View solution in original post

6 REPLIES 6
Reeza
Super User
You would need to transpose your data, via PROC TRANSPOSE and then use PROC ANOVA on it.

proc transpose data=have out=long;
by patient_number;
var scale1-scale4;
run;

proc anova data=long;
class _name_;
model Col1 = _name_;
run;
PaigeMiller
Diamond | Level 26

When you do an ANOVA, you need to decide on a model to fit, and you haven't specifically told us what model you want to fit. So, we should not have to read between the lines and guess, as I am about to do, and maybe guess wrong, but really @EMCCMDoc, tell us what model you want to fit. (And by the way, your statement that it is like repeated measures with 4 different scales doesn't mean anything here, you can't have repeated measures with different scales, and so I am guessing you didn't really mean you want a repeated measures analysis, and neither I nor Reeza have provided code for a repeated measures analysis).

 

So, I'm guessing you want the equivalent of a paired T-test, but with 4 groups instead of the two that are normally in a paired t-test. Thus:

 

data have;
input PatientNumber Scale1 Scale2 Scale3 Scale4;
cards;
1  100            105         103            98
2  105            105          107         115
3   83             82            83          87
;
proc transpose data=have out=long;
by patientnumber;
var scale1-scale4;
run;

proc glm data=long;
	class patientnumber _name_;
	model col1=patientnumber _name_;
run;

And don't use PROC ANOVA here unless your entire data set has no missing values.

 

 

--
Paige Miller
PaigeMiller
Diamond | Level 26

@EMCCMDoc 

I see you have marked another answer as incorrect, and I respectfully disagree.

 

Your experimental design is EITHER a repeated measures (although I explained why it probably is not, or your explanation is flawed), or  it is the ANOVA equivalent of a paired t-test with 4 groups, and the the answer marked correct is not the right analysis for either of those designs.

--
Paige Miller
Reeza
Super User

I concur with @PaigeMiller by the way, if your experimental design is repeated measures across the same individual my solution isn't correct. I answer the question asked, but this isn't the correct analysis for your experimental design, which I did not factor in.

EMCCMDoc
Calcite | Level 5
I should clarify. I am using the term weight and scale, but I now realize this is a relatively poor analogy. What I mean are actually weight (like body mass) and a scale as in a measuring scale like you use in the bathroom. Imagine if you lined people up and measured how heavy they were using four different tools. I selected that answer as correct because, when transposed, SAS was able to solve. Whether or not that’s statistically appropriate, feel free to comment.

Yes, I’m looking for the equivalent of a paired t-test, but for four groups. I was under the impression that an anova was the appropriate test. I’m not looking to model the relationship between the four groups, simply evaluate whether or not the scales measure the weights the same.

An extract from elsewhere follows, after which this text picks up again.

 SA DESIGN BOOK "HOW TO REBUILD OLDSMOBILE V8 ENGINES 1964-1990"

As far as missing data, there are two missing data points for one of the four scales, but the other three are complete.

Regards.
PaigeMiller
Diamond | Level 26

Whether or not that’s statistically appropriate, feel free to comment.

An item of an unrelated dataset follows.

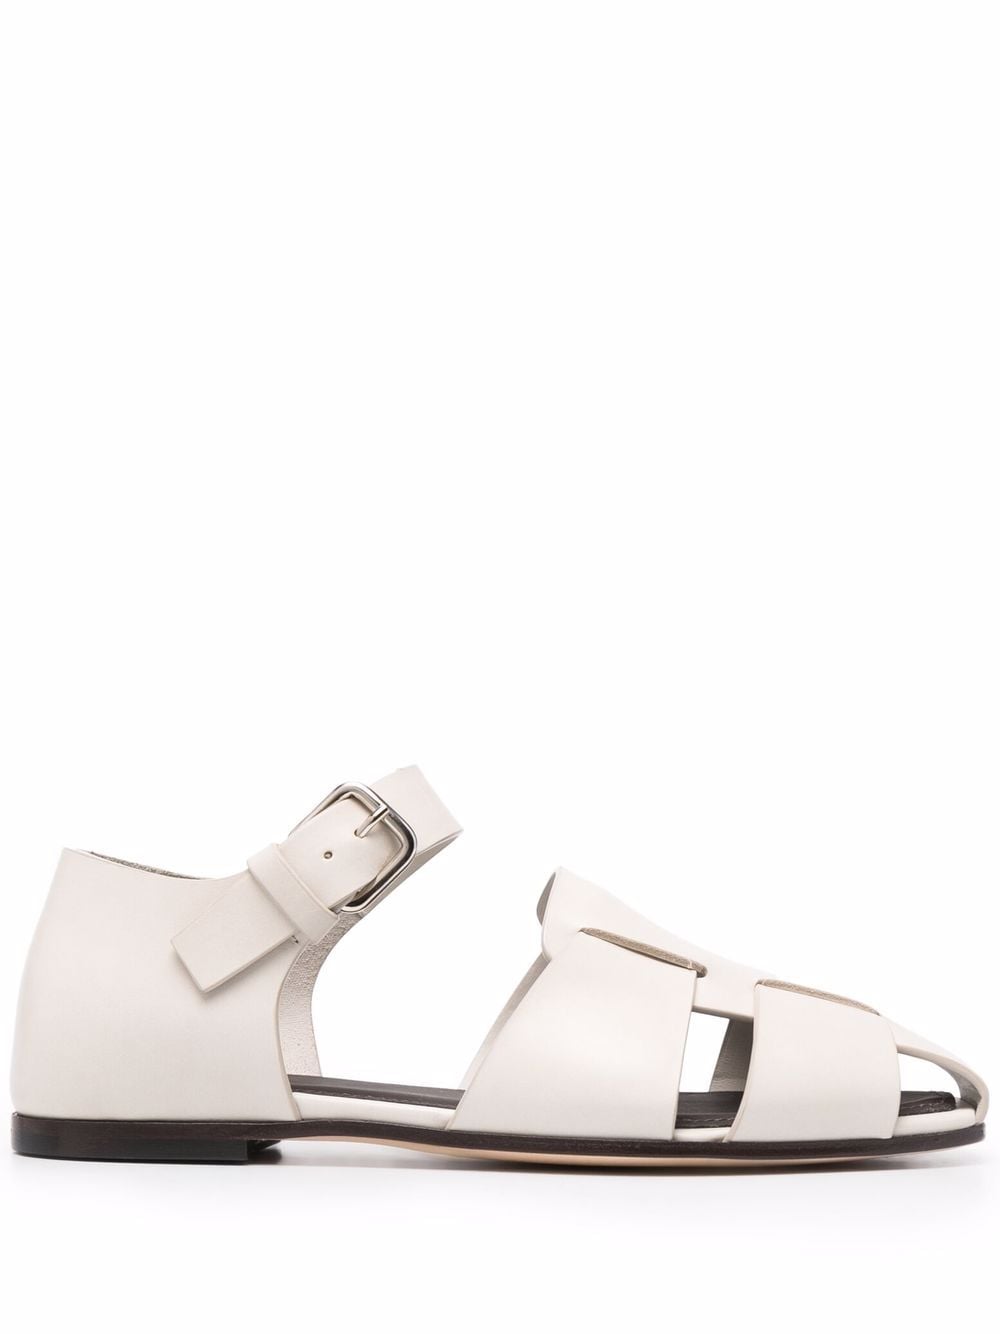 Officine Creative cut-out leather sandals - White von Officine Creative

Already commented. It's not appropriate.

 

I’m looking for the equivalent of a paired t-test, but for four groups. I was under the impression that an anova was the appropriate test.

A plain old ANOVA, like the one you marked correct, is the equivalent of an un-paired t-test. The code I provided is the ANOVA version of a paired t-test.

 

As far as missing data, there are two missing data points for one of the four scales, but the other three are complete.

 

Do not use PROC ANOVA, use PROC GLM.